**ASSIGNMENT:**
All of the data is to be written out again exactly, without the pictures.

**GIVEN DATA:**
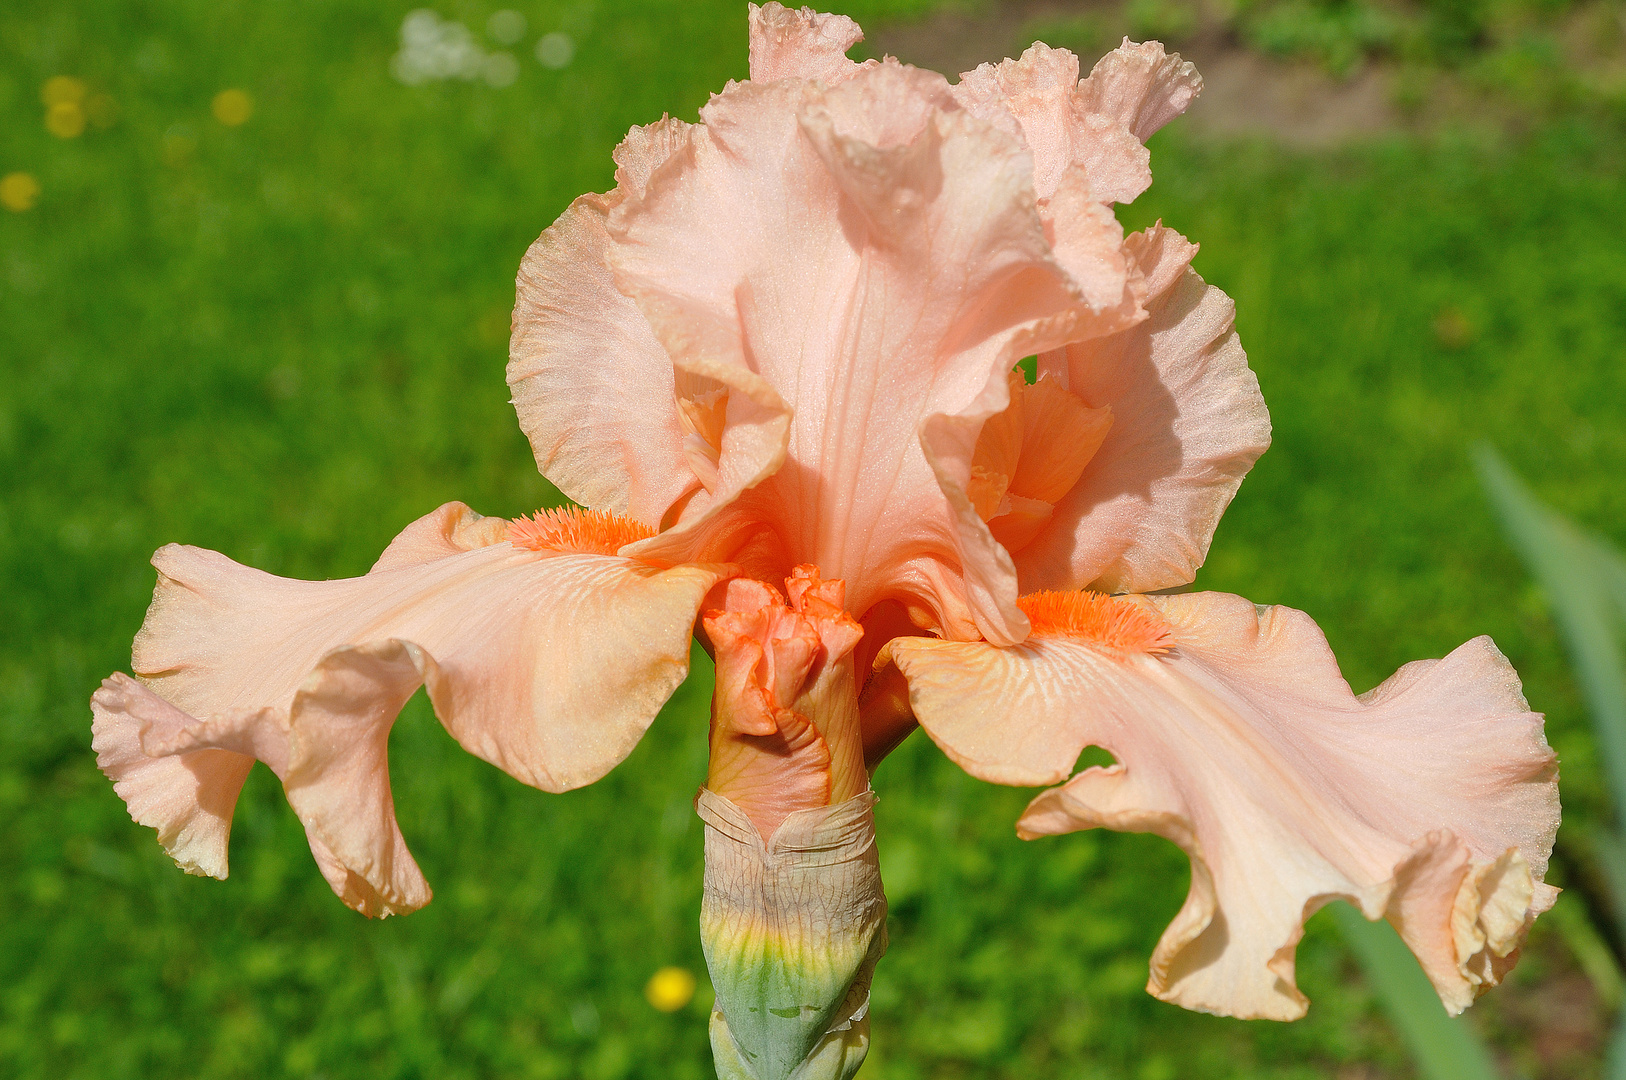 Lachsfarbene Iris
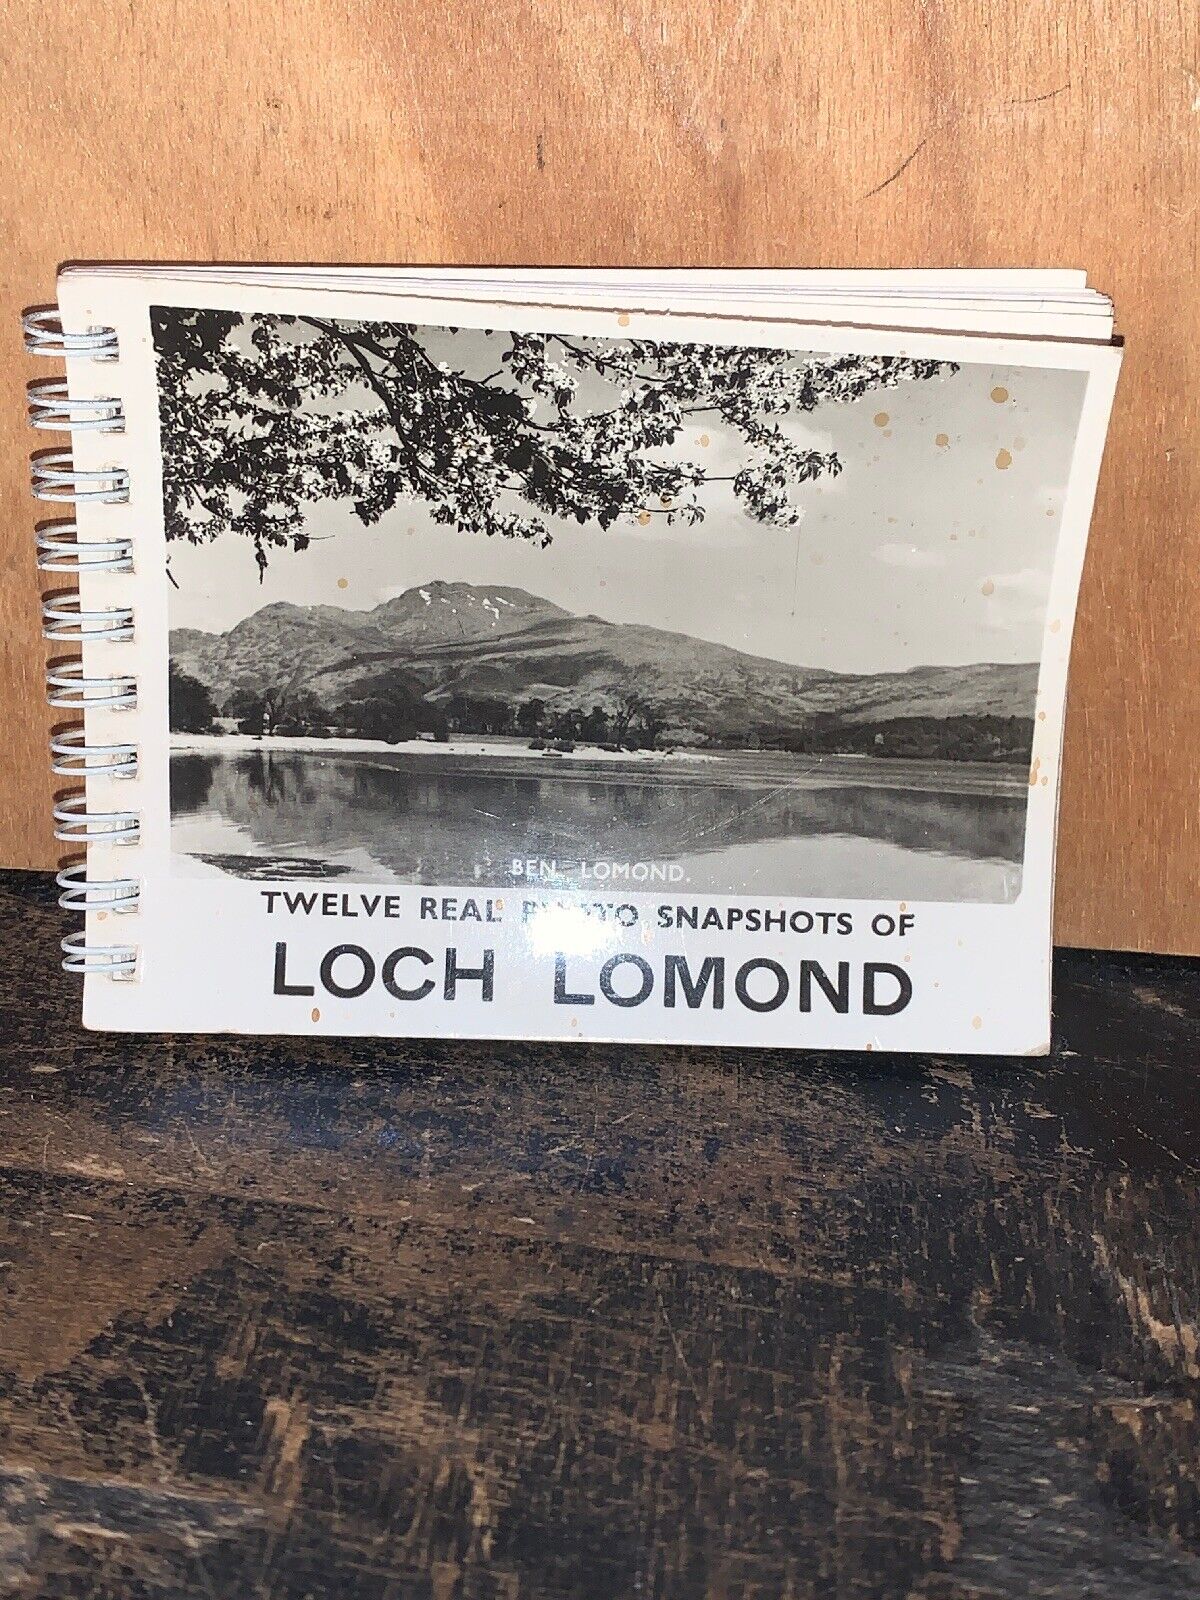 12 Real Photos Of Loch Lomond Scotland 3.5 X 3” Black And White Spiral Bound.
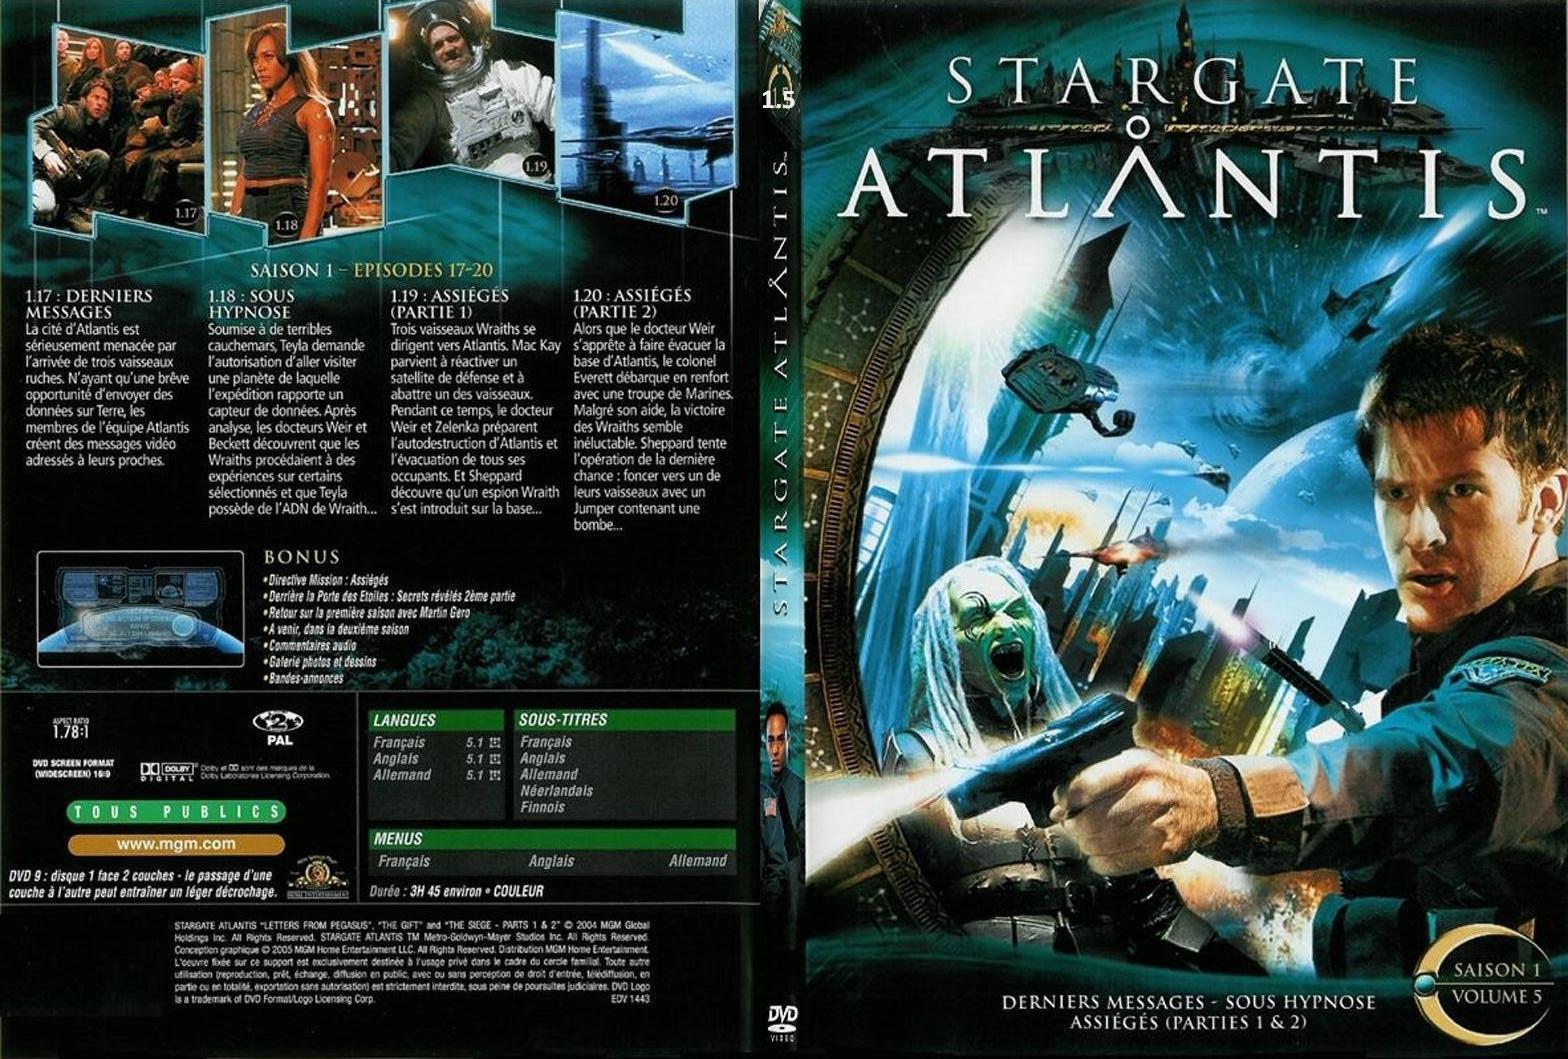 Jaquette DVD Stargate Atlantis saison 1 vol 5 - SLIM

**ANSWER AREA:**
 Lachsfarbene Iris
 12 Real Photos Of Loch Lomond Scotland 3.5 X 3” Black And White Spiral Bound.
 Jaquette DVD Stargate Atlantis saison 1 vol 5 - SLIM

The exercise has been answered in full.